**PROBLEM STATEMENT:**
Below are some entries. Transcribe the lines from the one holding "Small Appliances Parts" to the one holding "As part of the", inclusive, but not the pictures among them.

**RECORDS SHOWN:**
━━━
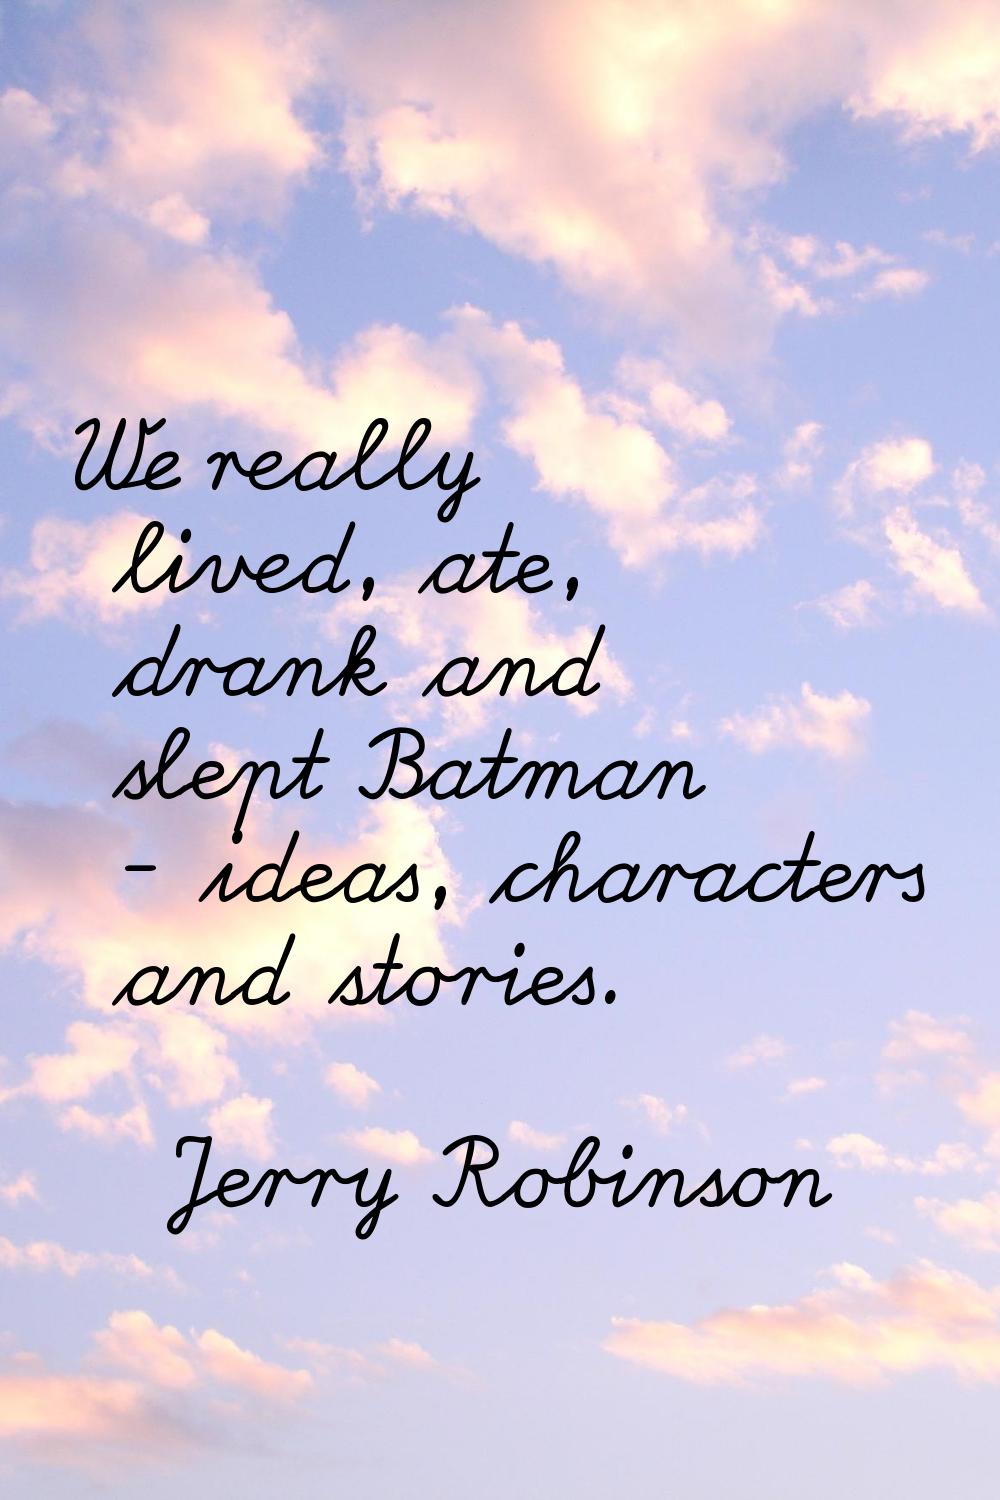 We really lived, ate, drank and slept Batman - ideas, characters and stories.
━━━
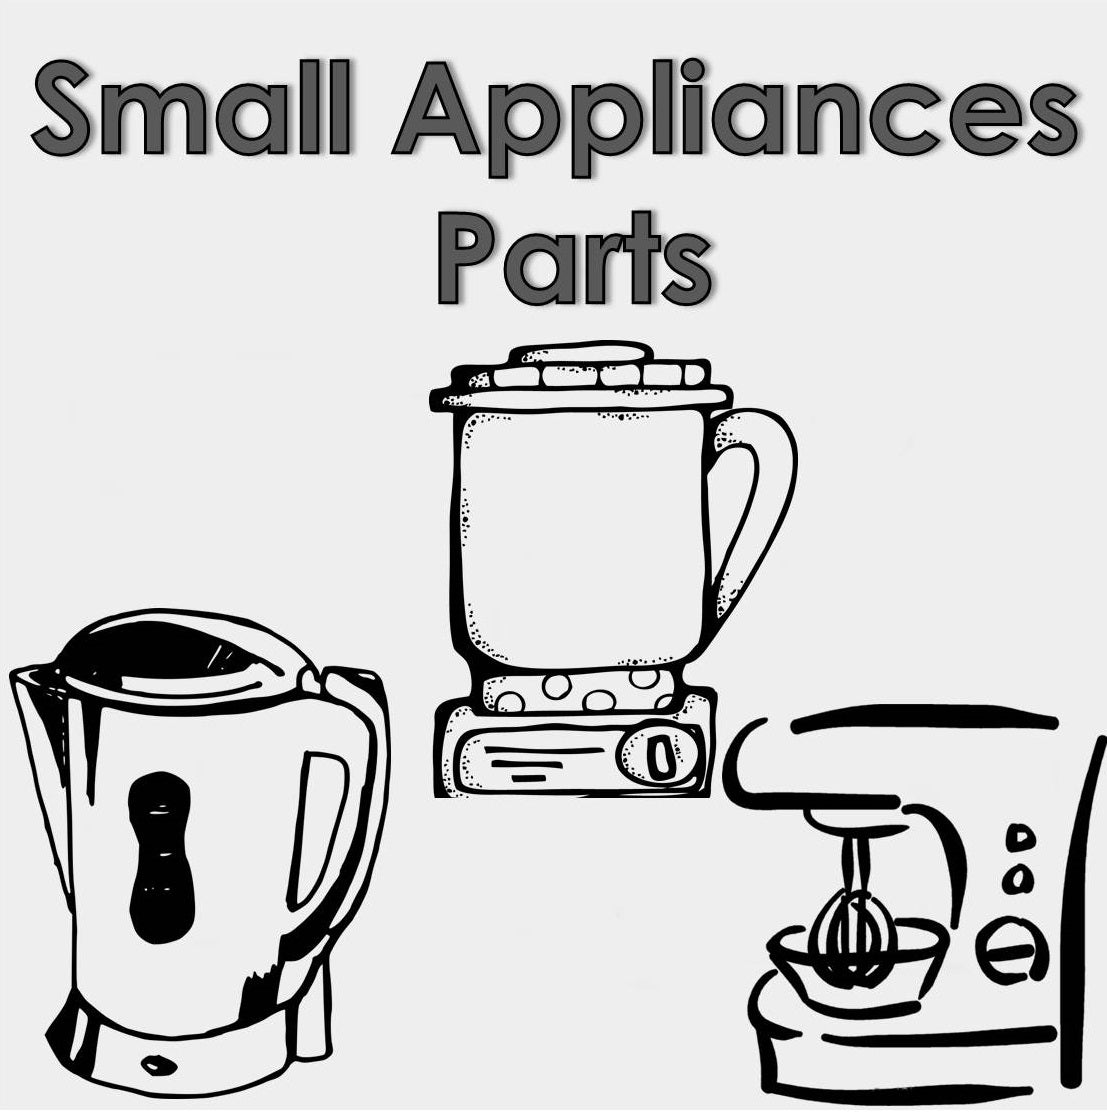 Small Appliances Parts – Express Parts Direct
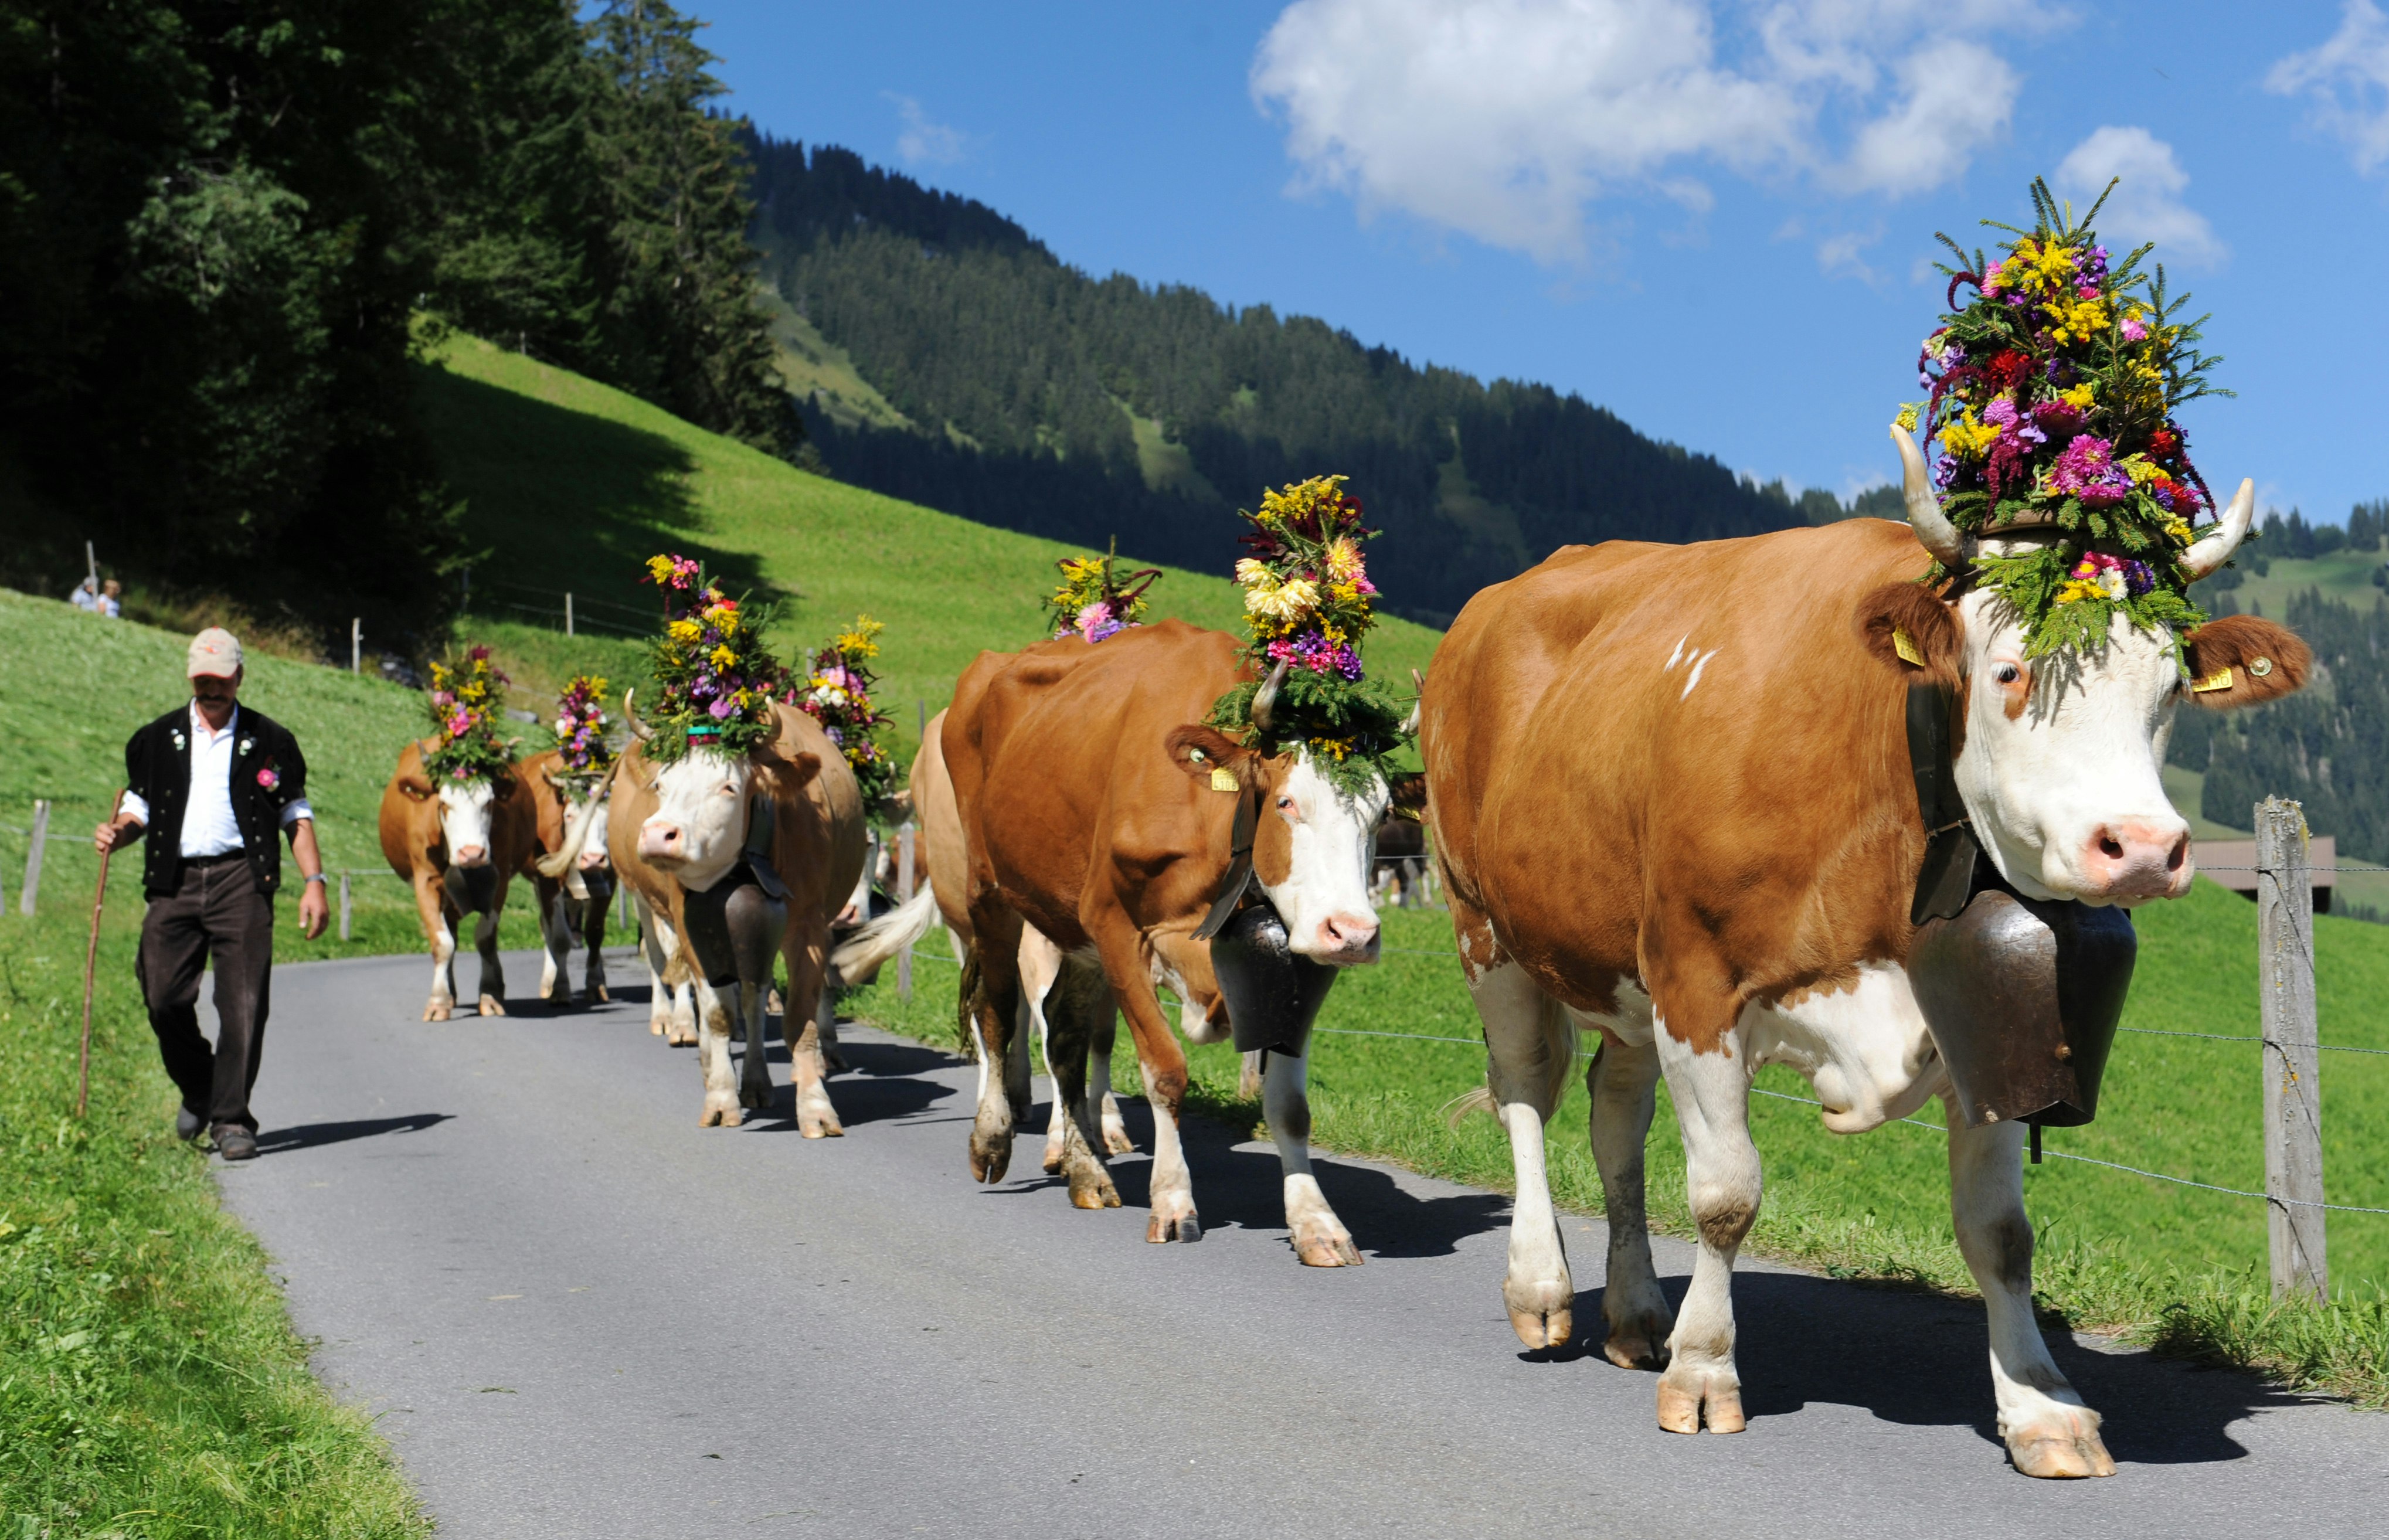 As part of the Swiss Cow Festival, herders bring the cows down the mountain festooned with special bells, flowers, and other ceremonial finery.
━━━
**TASK ANSWER:**
 Small Appliances Parts – Express Parts Direct
 As part of the Swiss Cow Festival, herders bring the cows down the mountain festooned with special bells, flowers, and other ceremonial finery.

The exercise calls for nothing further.